Source: Bundesministerium fur Arbeit und Soziales
In Cortina d’Ampezzo hat die Ministerin das deutsche Team bei den Wettkämpfen unterstützt
Bundesministerin Bas besucht das Paralympische Dorf in Cortina. Von links nach rechts: Snowboarder Christian Schmiedt, DBS-Vorstandsmitglied Benedikt Ewald, Bundesministerin Bärbel Bas, Skifahrerin Anna-Lena Forster, Skifahrerin Anna-Lena Rothfuss, DBS-Präsident Hans-Jörg Michels.
Zwei Goldmedaillen, sechs Silbermedaillen, neun Bronzemedaillen – das ist die starke Bilanz des deutschen Teams bei den Paralympischen Spiele 2026 in Mailand und Cortina.

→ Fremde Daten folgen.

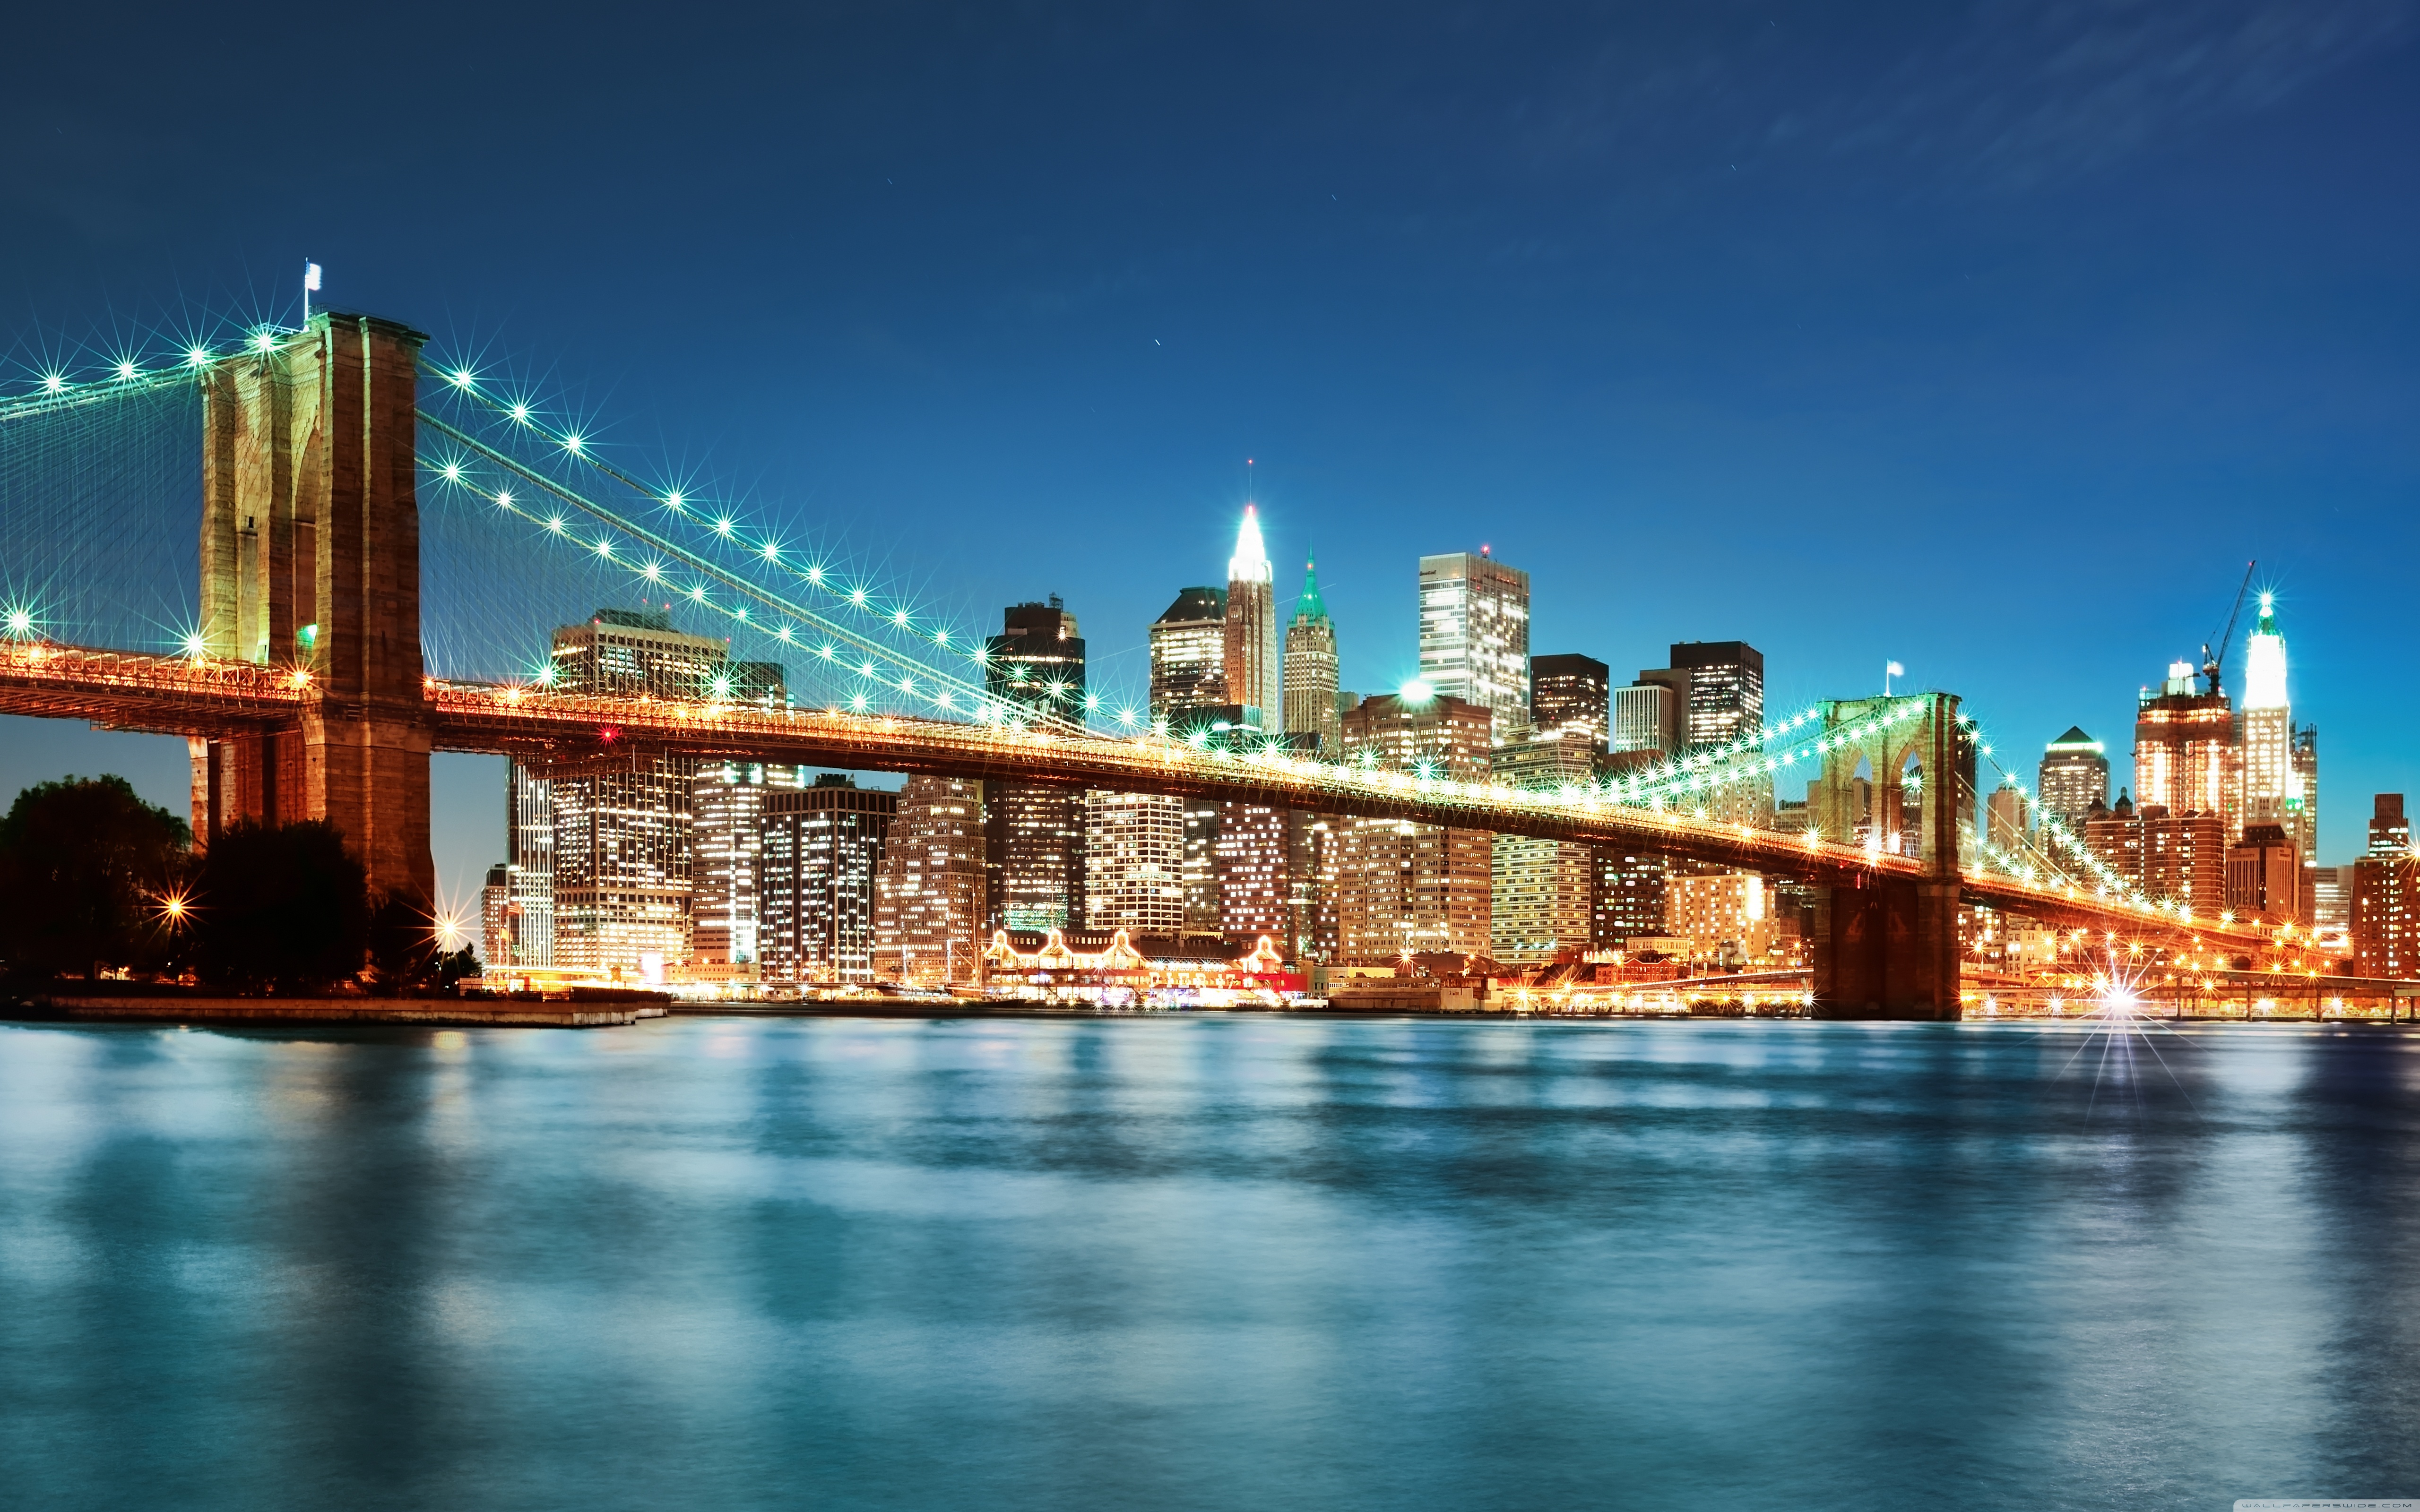 Brooklyn Bridge High Quality Wallpapers

Bundesministerin Bärbel Bas hat am Wochenende die deutschen Athlet*innen in Cortina d’Ampezzo besucht und dabei deutlich gemacht: “Die Paralympischen Spiele stehen nicht nur für sportliche Höchstleistungen. Die Athletinnen und Athleten sind für viele Menschen auch Vorbilder und Motivation.”
Die Paralympics verändern die gesellschaftliche Wahrnehmung auf Menschen mit Behinderungen – und stärken damit die Inklusion. Sport schafft Gemeinschaft und baut Barrieren ab. Die Bundesregierung fördert die Verbände des Behindertensports sowie Projekte im Bereich des Rehabilitationssports und inklusiven Breitensports.